* [Data segment]:
....................
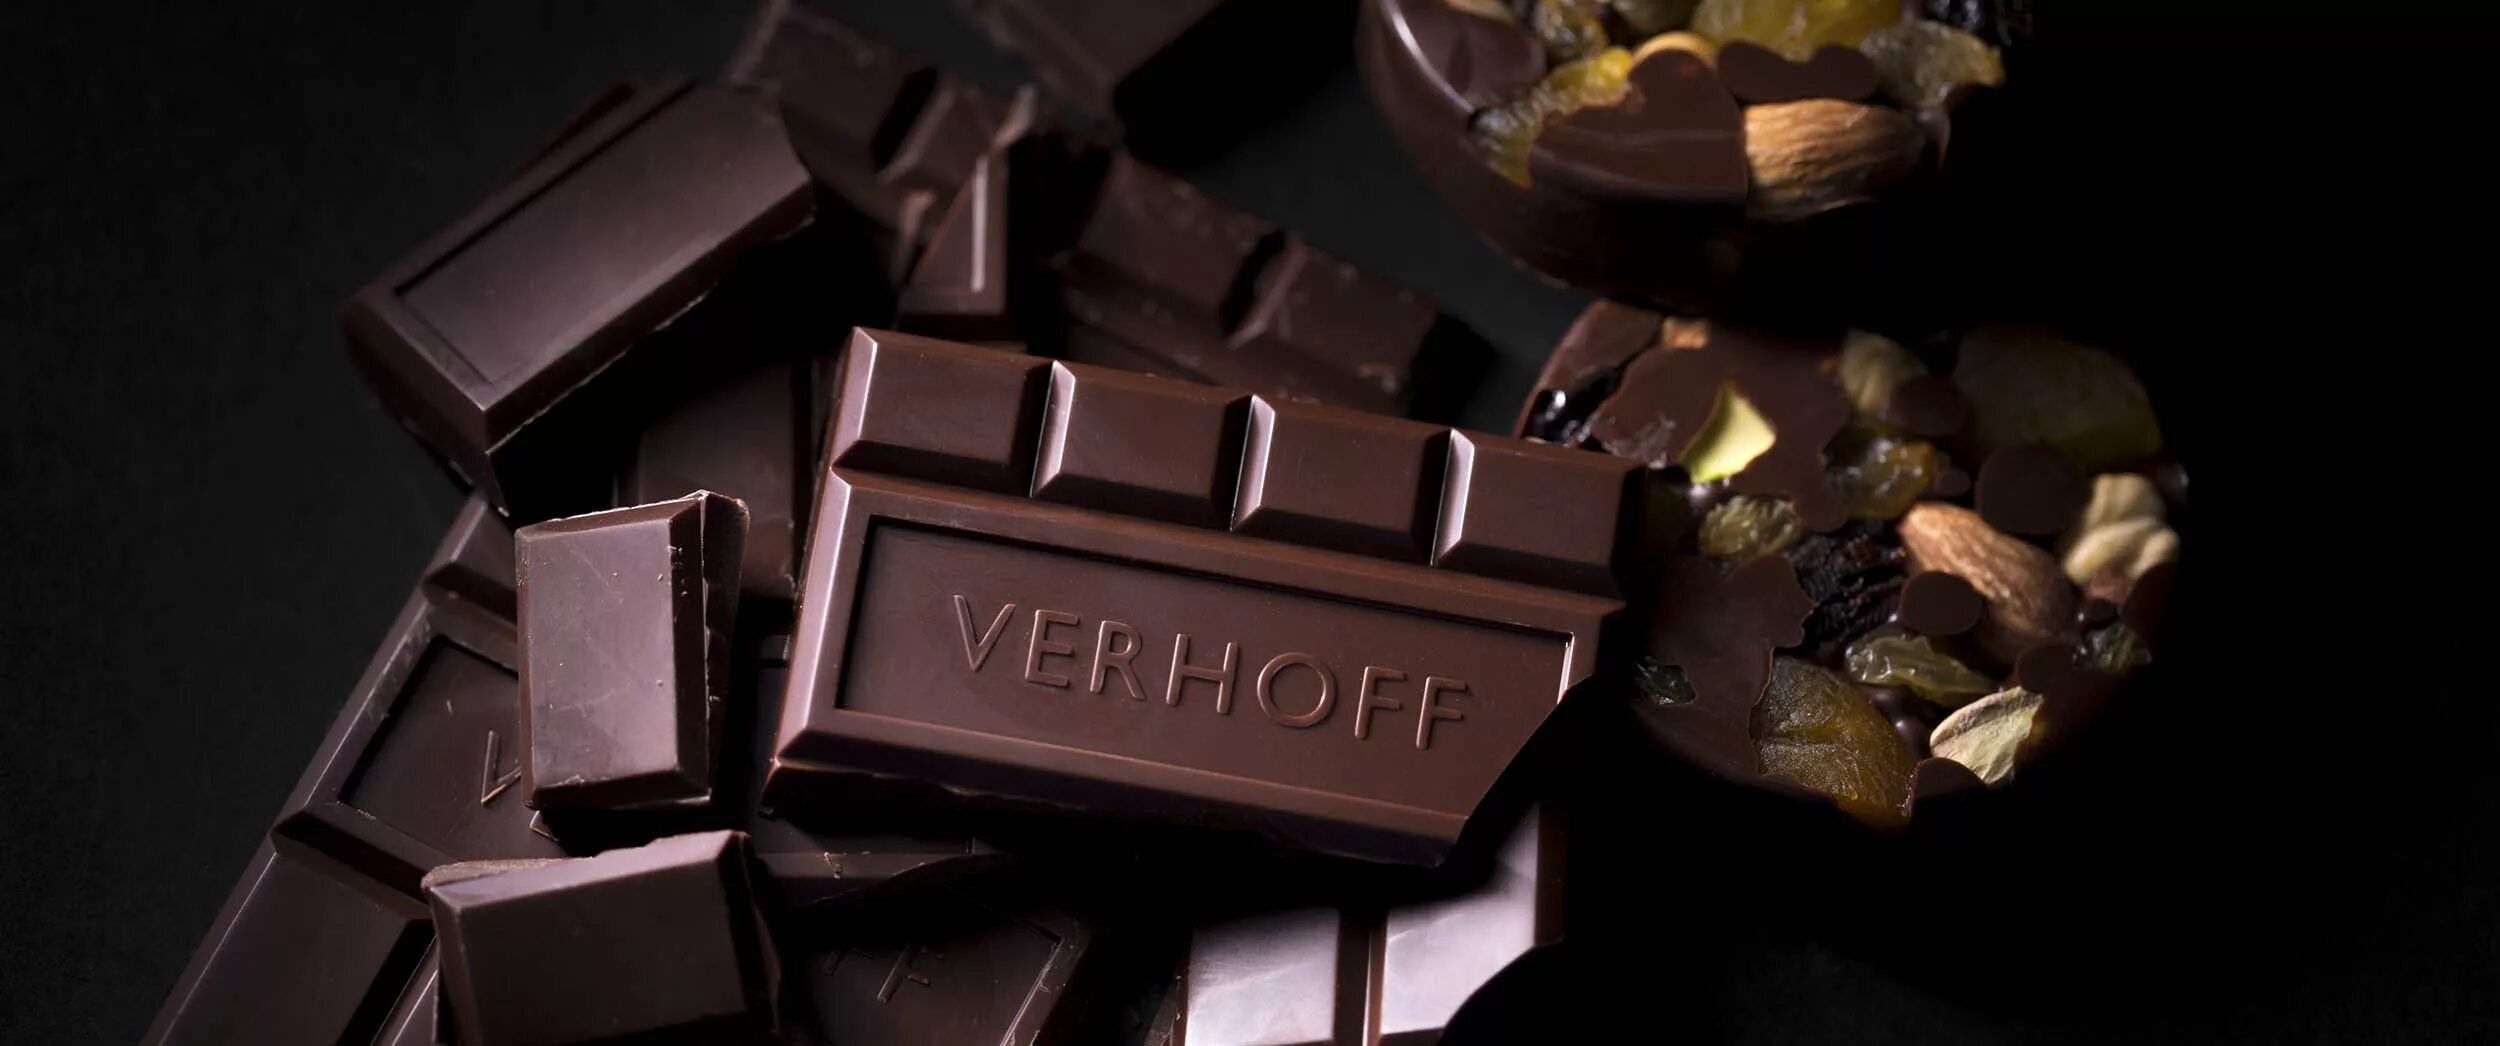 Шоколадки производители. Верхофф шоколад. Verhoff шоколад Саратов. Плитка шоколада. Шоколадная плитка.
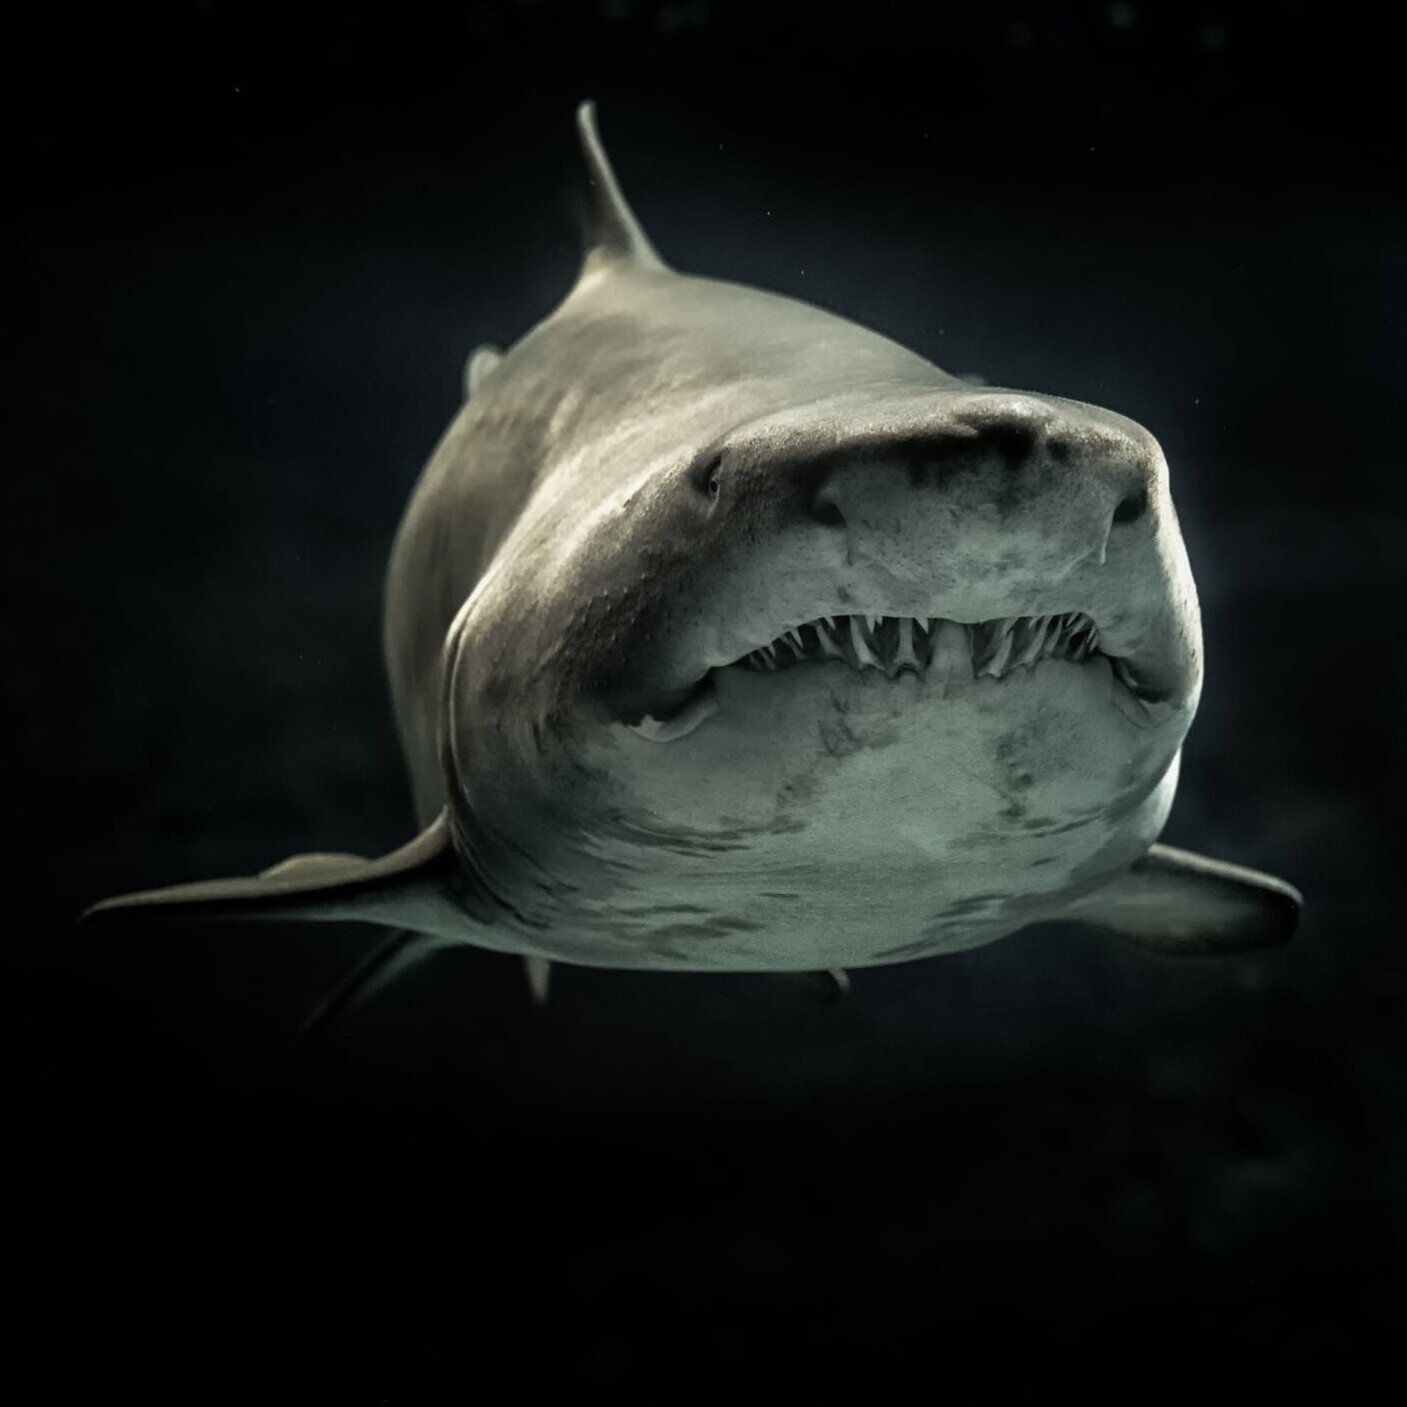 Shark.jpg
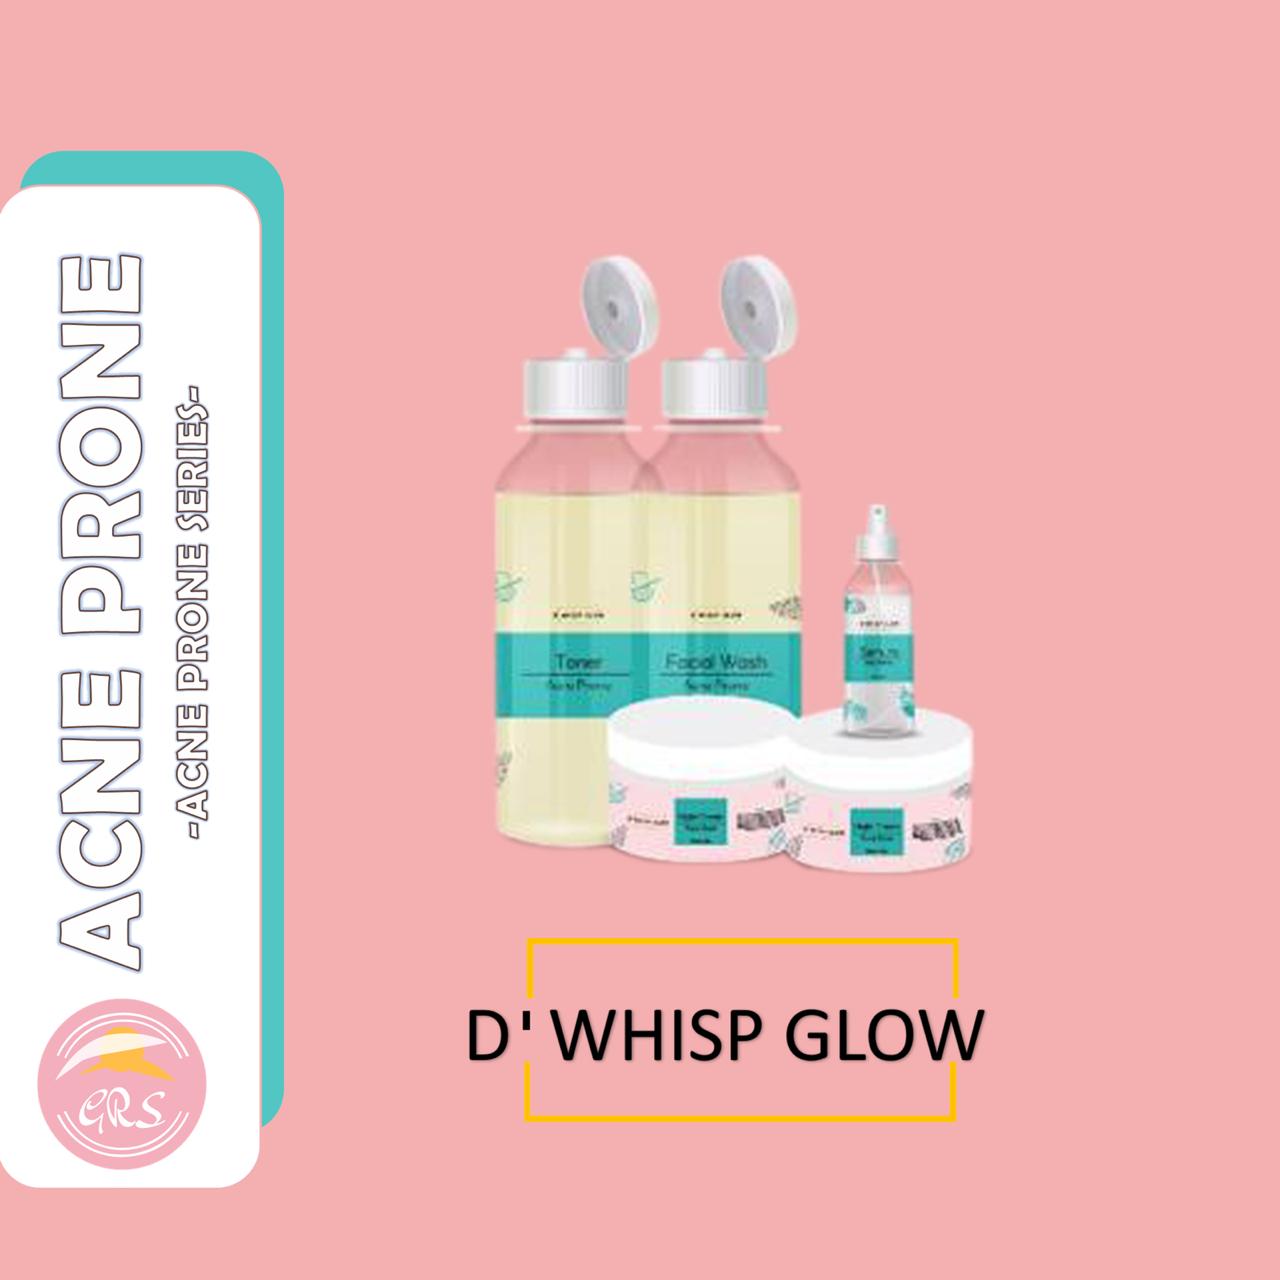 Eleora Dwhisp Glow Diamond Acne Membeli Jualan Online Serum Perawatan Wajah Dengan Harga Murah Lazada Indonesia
....................
* [Task prompt]: Reproduce the data above verbatim, minus any images.

* [Solution]:
 Шоколадки производители. Верхофф шоколад. Verhoff шоколад Саратов. Плитка шоколада. Шоколадная плитка.
 Shark.jpg
 Eleora Dwhisp Glow Diamond Acne Membeli Jualan Online Serum Perawatan Wajah Dengan Harga Murah Lazada Indonesia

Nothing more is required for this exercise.